Do we count the high fail rate of DSROs in the cost per license? If you calculate just the cost of a single failure, it would be undefined. Try dividing anything by zero and you will get similar results.
This actually brings us back to NukeLDO's original question. Time to recoup the training investment? If you spend X dollars on an instant SRO and he/she fails out after 18 months, then your training costs remains unchanged (the SROI and instructors still got paid). However, you'll never recoup the "investment". In other words, you went to Vegas and came home empty handed. That is certainly not an "undefined" number to an accountant.
So, when does a utility consider the SRO's ILT program to be paid off? Perhaps the first time he successfully navigates a problem and keeps the breaker shut. Maybe after three years? When does the SRO incur more liability for the company? Inadvertent plant trip perhaps? (How much does THAT cost a utility?!)

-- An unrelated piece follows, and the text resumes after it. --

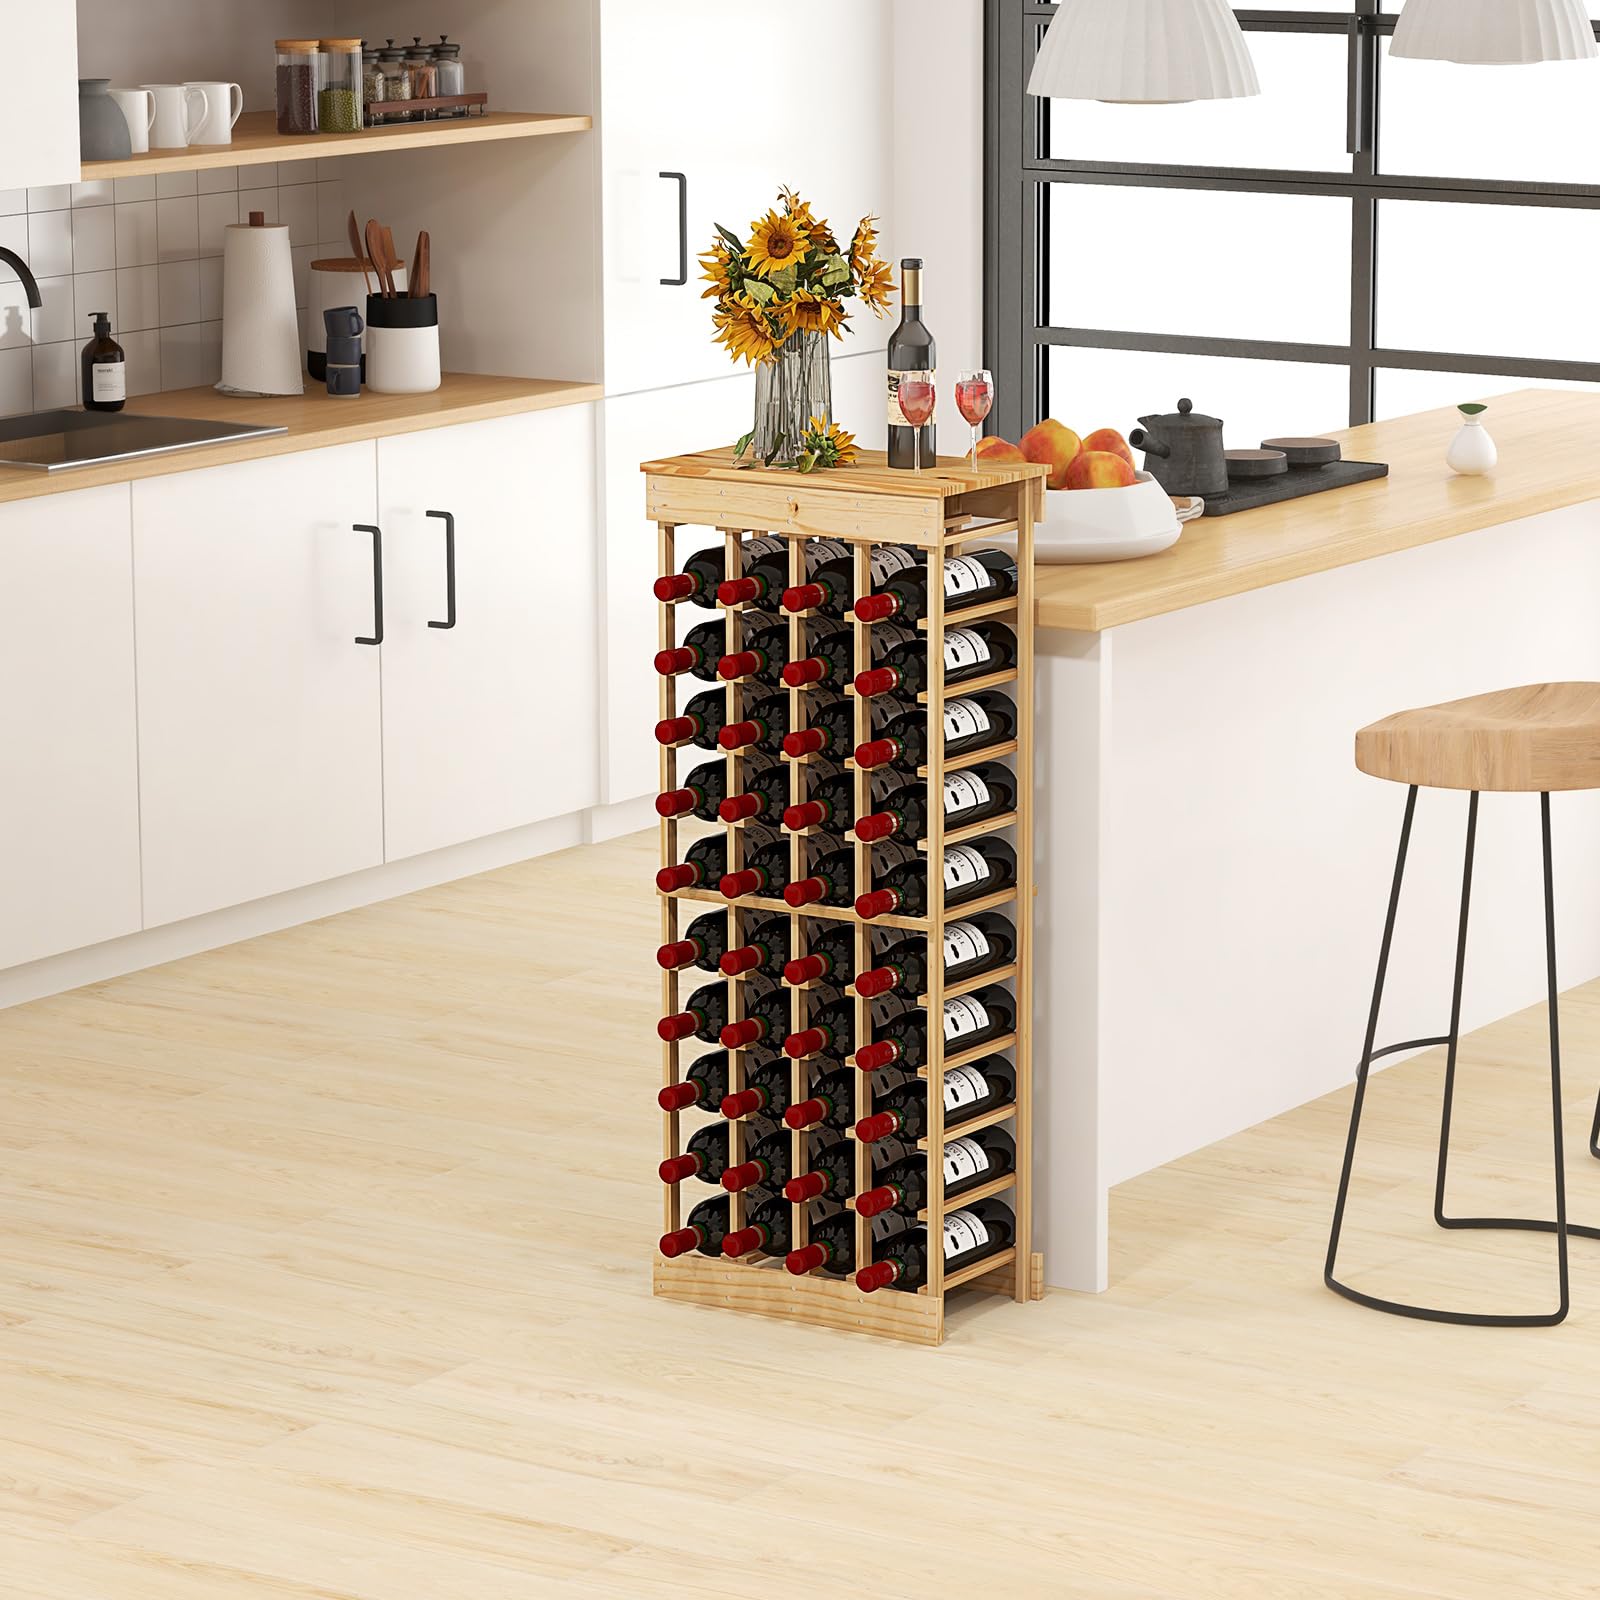 Giantex 40 Bottles Wine Rack, Solid Wood Modular Wine Bottle Holder with Anti-toppling Device & Reinforced Cross Bars

Some utilities provide a retention bonus for Licensed Operators. For example, stay on board for five years and after 60 months you get $50K (in addition to licensing bonus, performance bonus, etc). That implies, much like the NNPP bonus structure that it's easier to write a check for $50K and keep someone than it is to spend [insert the six figure number guess here] and start over.
In the end, Utilities are not losing any money...or they wouldn't do it.